Returning to Mishna Yoma 8:9, it actually begins with this statement: “One who says, ‘I will sin, and then repent, and then sin again and repent, will not receive an opportunity to repent.’” And in Adin Steinsalz’s translation of the Talmud [B. Yoma 85b] the eminent scholar adds the comment ‘and that person will remain a sinner all their days.’ My greatest anxiety for my children and, please God, their children after them, is that we are already the generation of the next Flood, who will remain sinners all our days.

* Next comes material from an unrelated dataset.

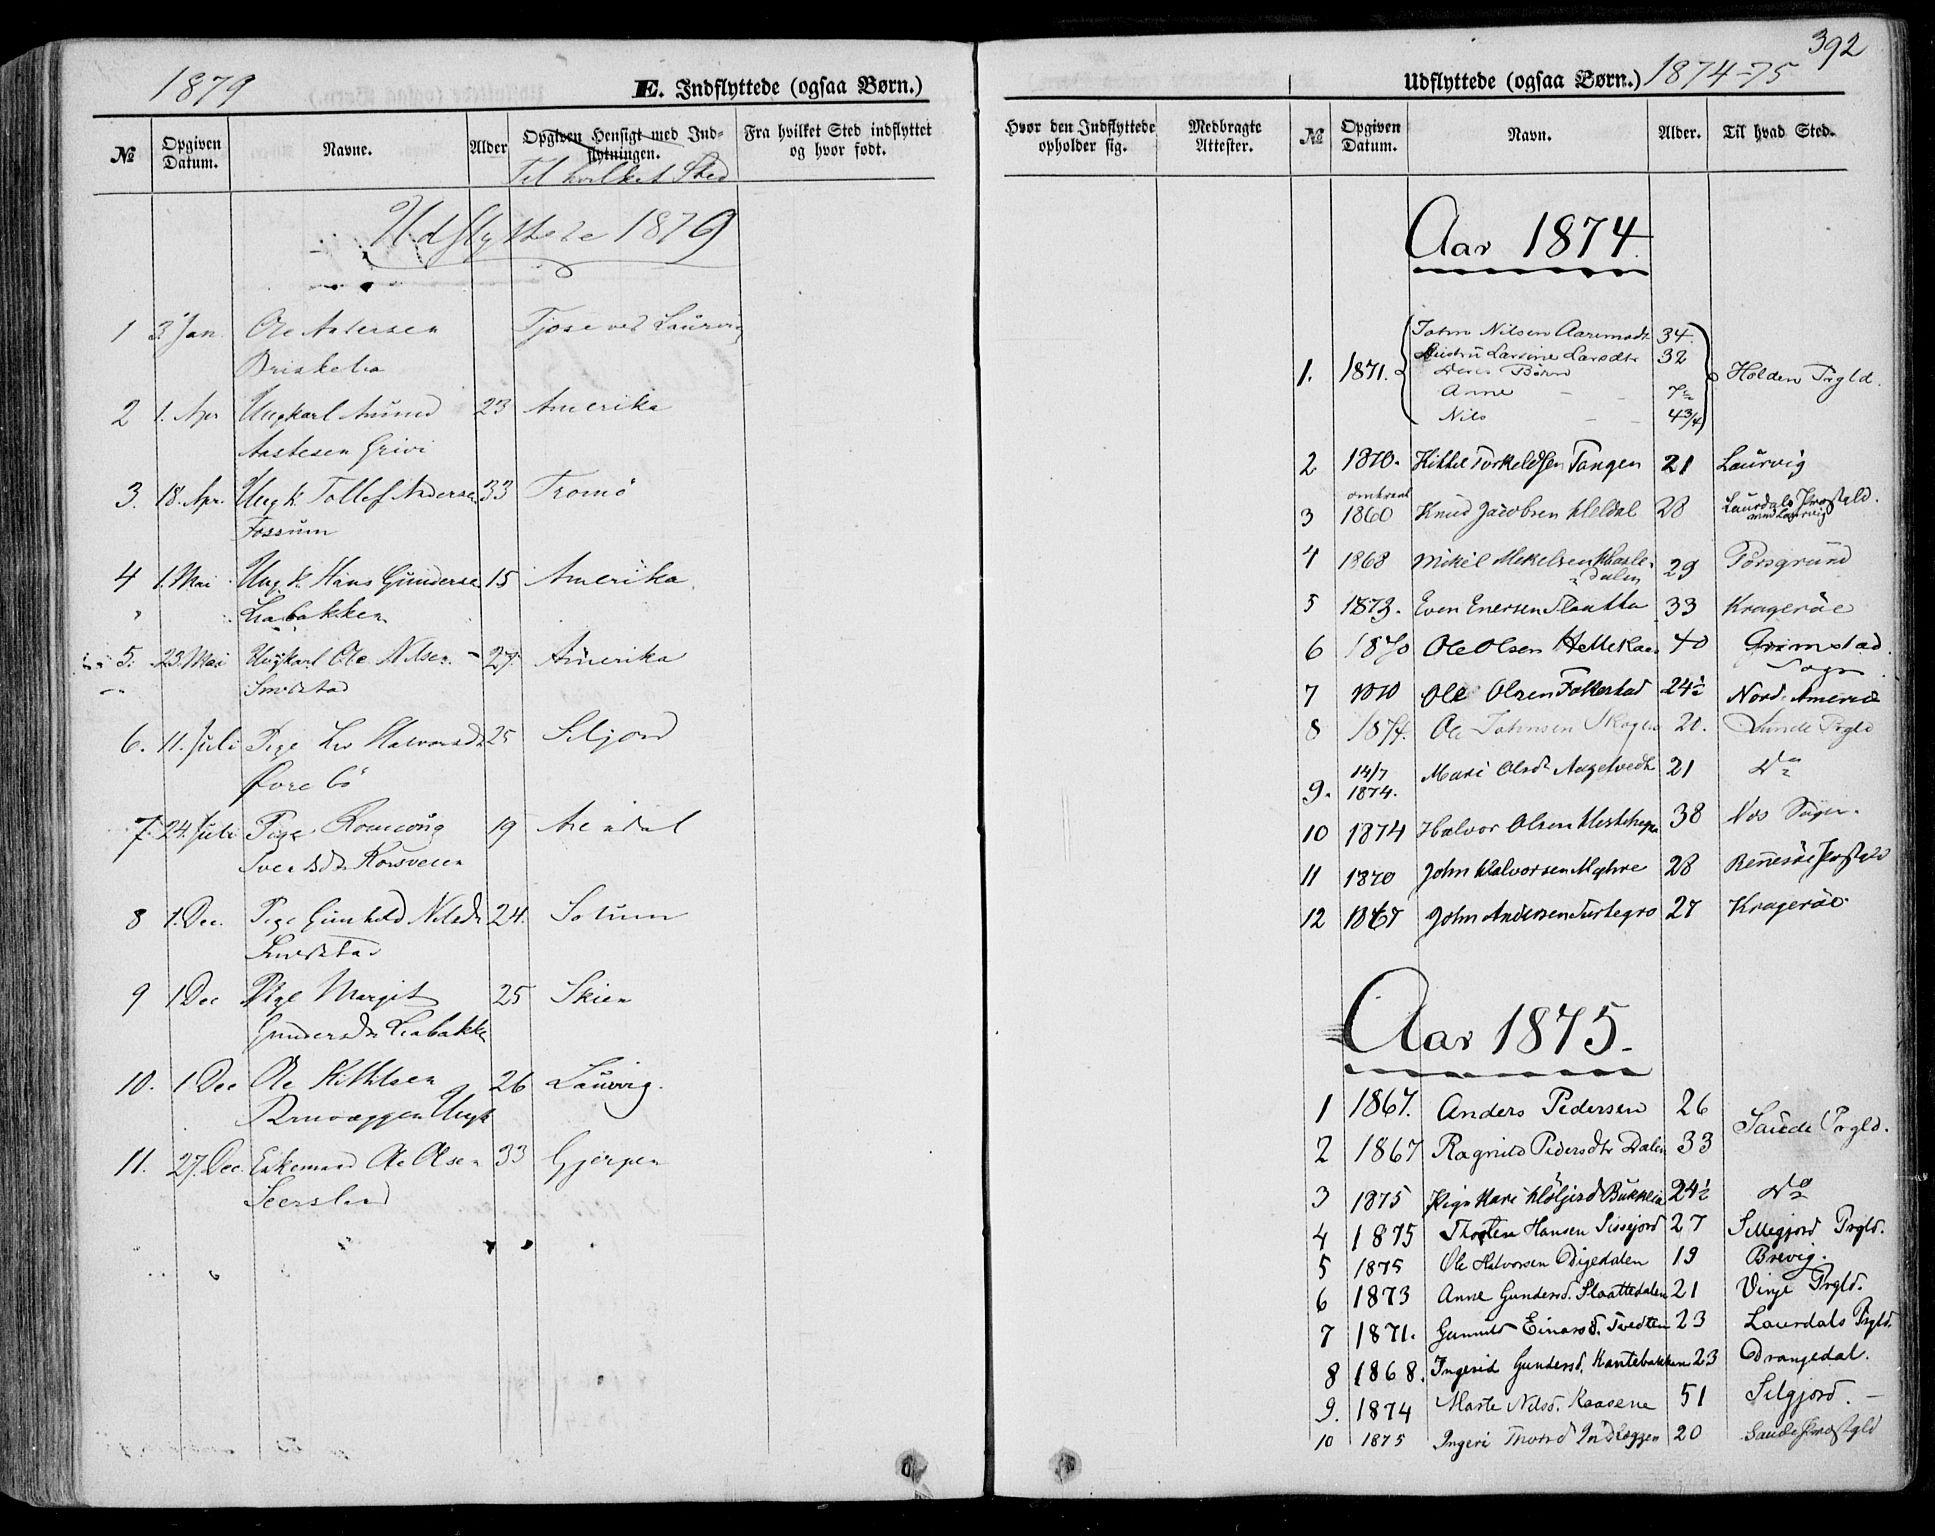 SAKO, Bø kirkebøker, F/Fa/L0009: Ministerialbok nr. 9, 1862-1879, s. 392

But this festival season, with its emphasis on genuine repentance, is our opportunity to change our lives and change our world in the process. The climate scientists tell us time is alarming short to avert the harsh decree, but there is yet time. We are standing on the precipice of Neilah in our world. The gates of repentance will close sooner than we think. The decent people, and even the less decent people, of the Texas Gulf Coast and the Leeward islands of the Caribbean and the flood plains of southeast Asia, they are far from alone in bearing responsibility for the flooding that devastated their lives this year.
על חטא שחטתנו לפניך ולפני ארצינו
For the sin we have committed before You, God, and against our world, we acknowledge openly and in our community the ramifications of our actions and pledge ourselves to meaningful action and substantive change before anymore irreparable damage can be done to our only world, the world of God’s creation.
I pray that such may be our personal and communal commitment to sincere repentance this year of 5778 and may you, God, the One Who Spoke and thus the World Came into Being, help support us in doing so. כן יהי רצון, may that be God’s will as it is our own.
[1] Sarna, N. Understanding Judaism (New York: Schoken Books, 1966), pg. 15.